California employers would be barred from discriminating against employees for cannabis use while off the job under legislation introduced last week. The measure, AB 2188, was introduced in the California Assembly by Democratic Assembly Member Bill Quirk on February 15.
If passed, AB 2188 would end discrimination based on drug testing for cannabis metabolites, which are non-psychoactive substances that can be detected in a person’s bodily fluids for up to several weeks after they have consumed cannabis.
“The bill would make it unlawful for California employers to penalize or discriminate against a person when making decisions about hiring, termination, or other aspect of employment if the discrimination is based on the person’s off-duty cannabis use or the presence of non-psychoactive cannabis metabolites revealed in an employer-mandated drug screening,” Lauren Mendelsohn, an attorney with Omar Figueroa Law in Sebastol, California, explained in an email to High Times.

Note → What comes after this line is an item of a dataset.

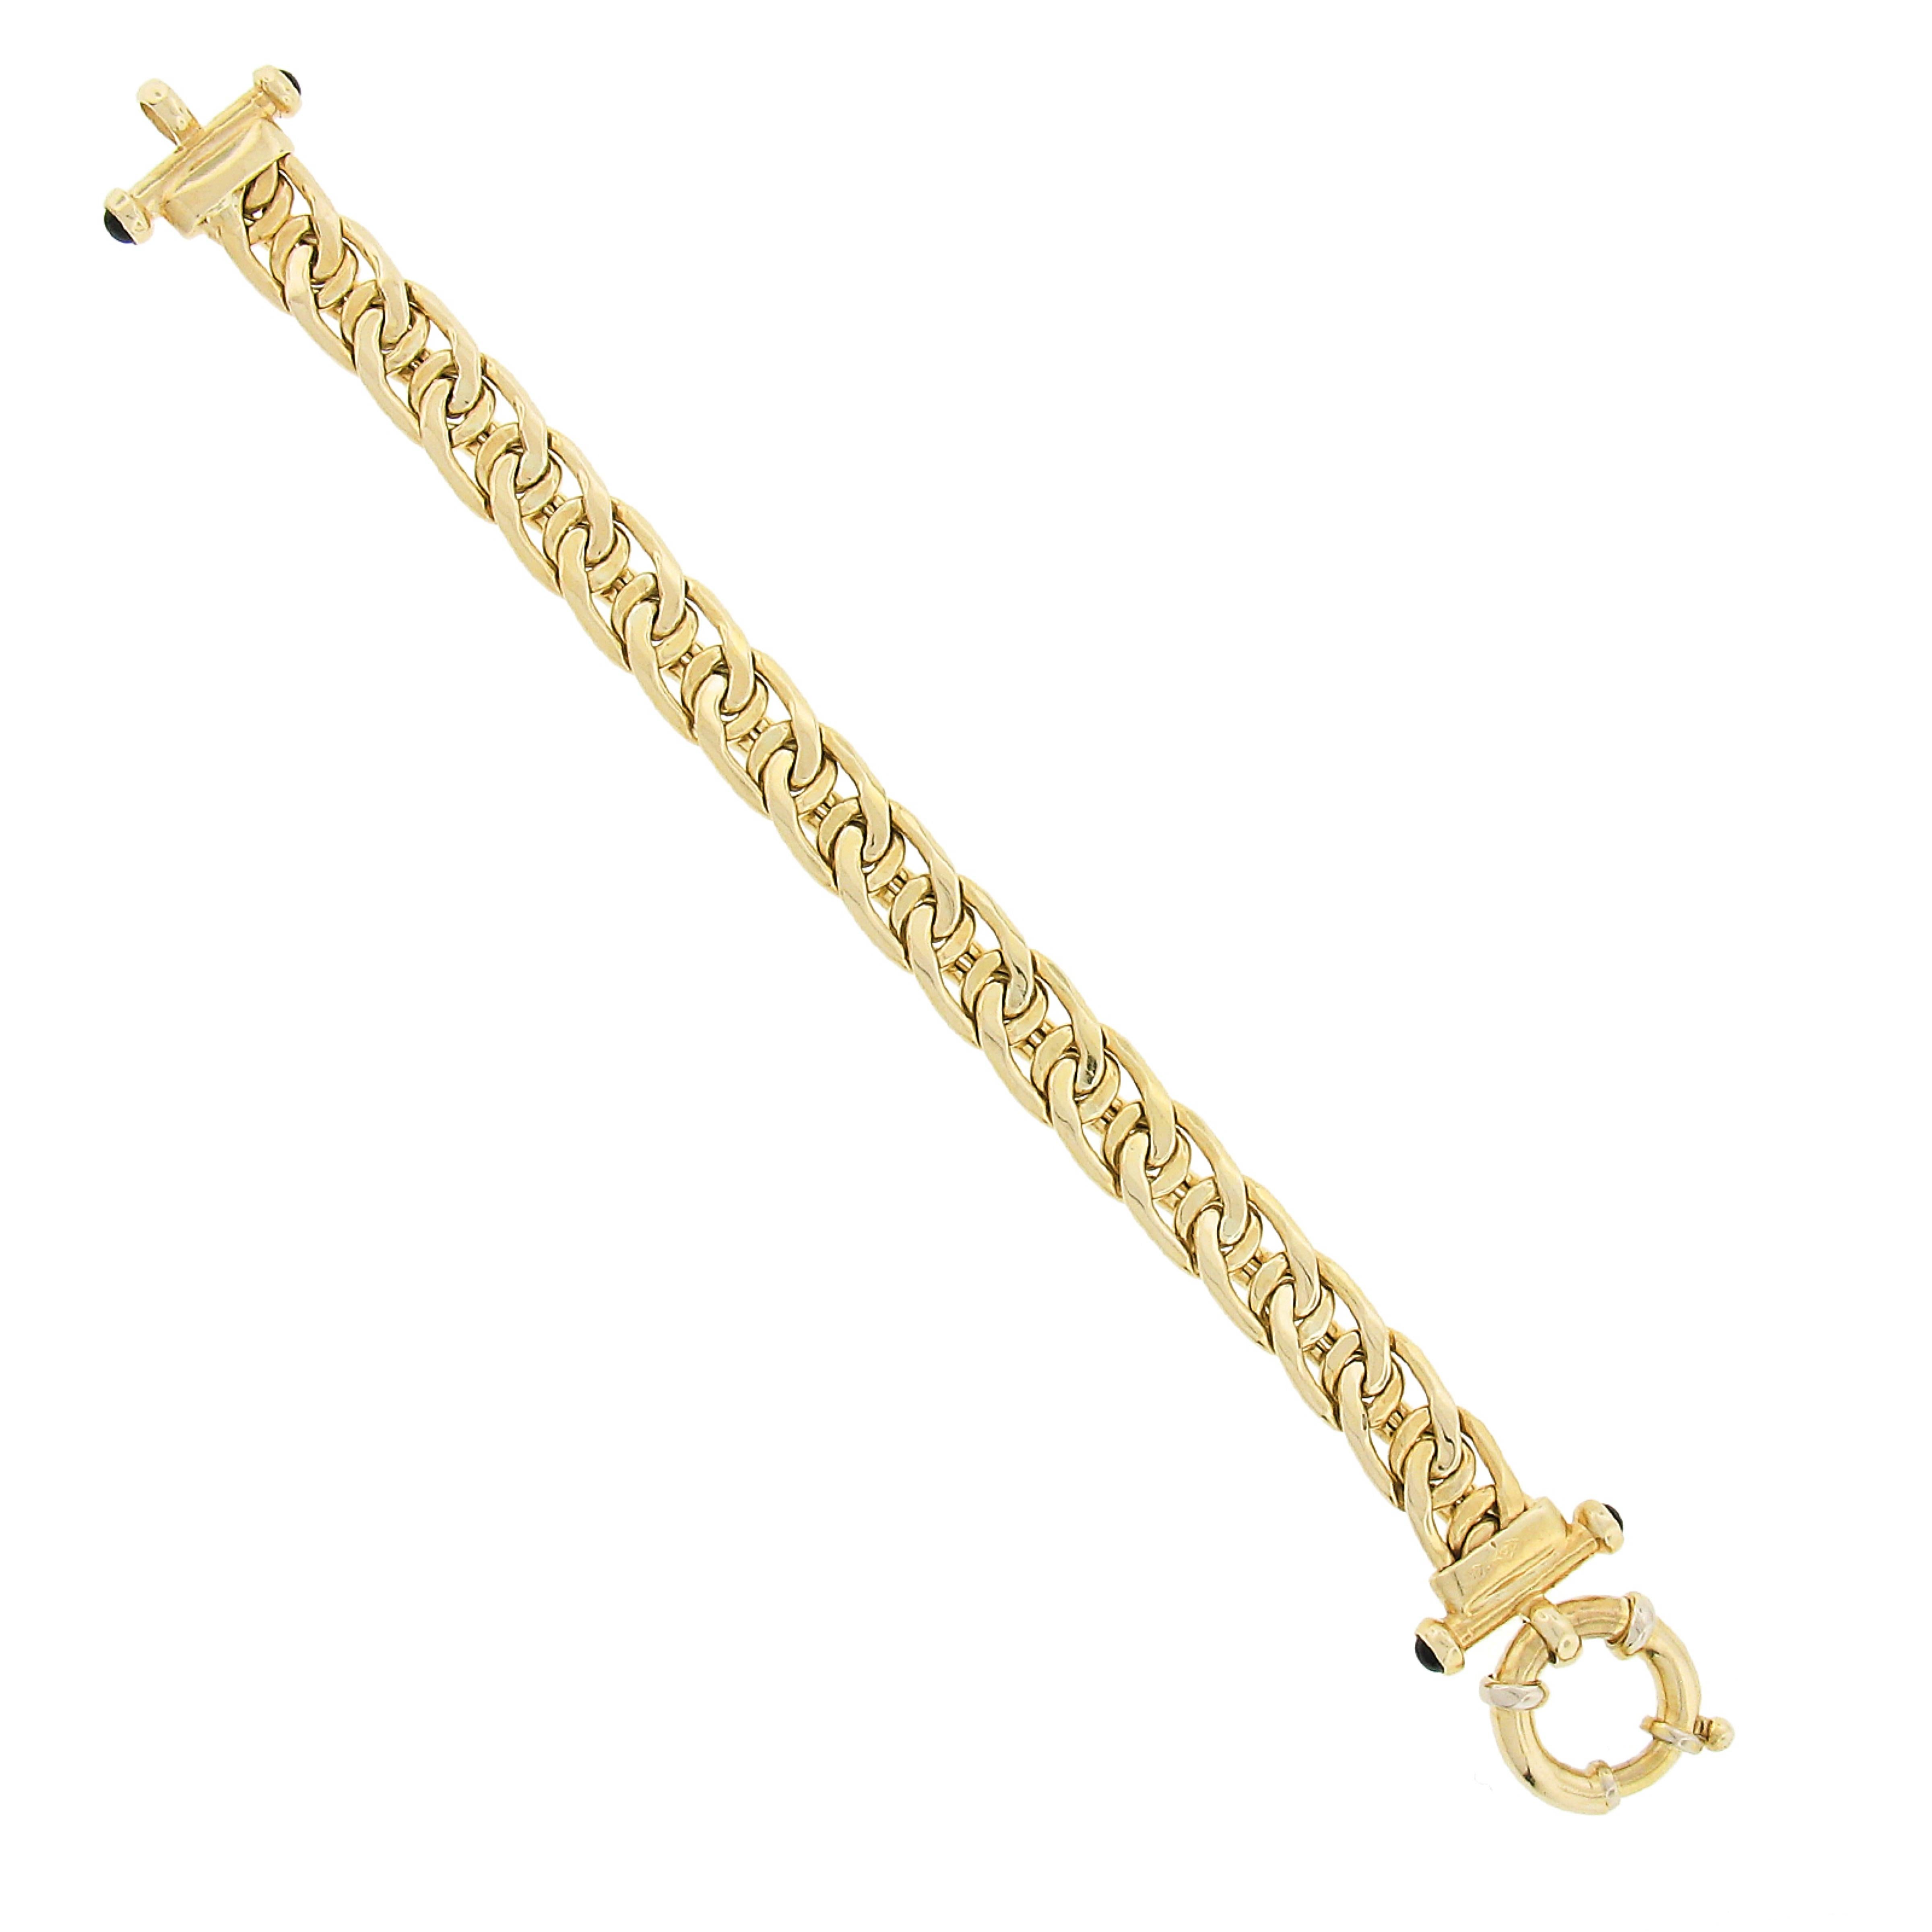 Cabochon H. Stern 14k Gold Puffed Bismark Link W/ Black Onyx End Caps Bracelet

The legislation, however, has several limitations. Employers who are required to follow federal drug-testing mandates are exempt. AB 2188 does not require employers to permit employees to be high while working.
“The bill does not authorize employees to use or be impaired by cannabis while on the job, nor does it prohibit employers from administering impairment or chemical tests to determine whether an employee is impaired or has an active presence of THC in their system,” Mendelsohn noted. “Employers who are required to conduct screening tests for non-psychoactive cannabis metabolites, or who would lose federal benefits if they did not, may do so.”

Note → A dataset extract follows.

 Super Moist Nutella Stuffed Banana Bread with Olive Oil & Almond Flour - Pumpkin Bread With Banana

Quirk’s bill is supported by the California chapter of the National Organization for the Reform of Marijuana Laws (Cal NORML). In a statement, the cannabis policy reform advocacy group said that “testing or threatening to test bodily fluids for cannabis metabolites is the most common way that employers harass and discriminate against employees who lawfully use cannabis in the privacy of their own homes.” Cal NORML noted that a survey being conducted online shows that 33 percent of respondents have been denied employment due to testing positive for marijuana, while 60 percent have stopped using cannabis because of drug testing by their employer or doctor.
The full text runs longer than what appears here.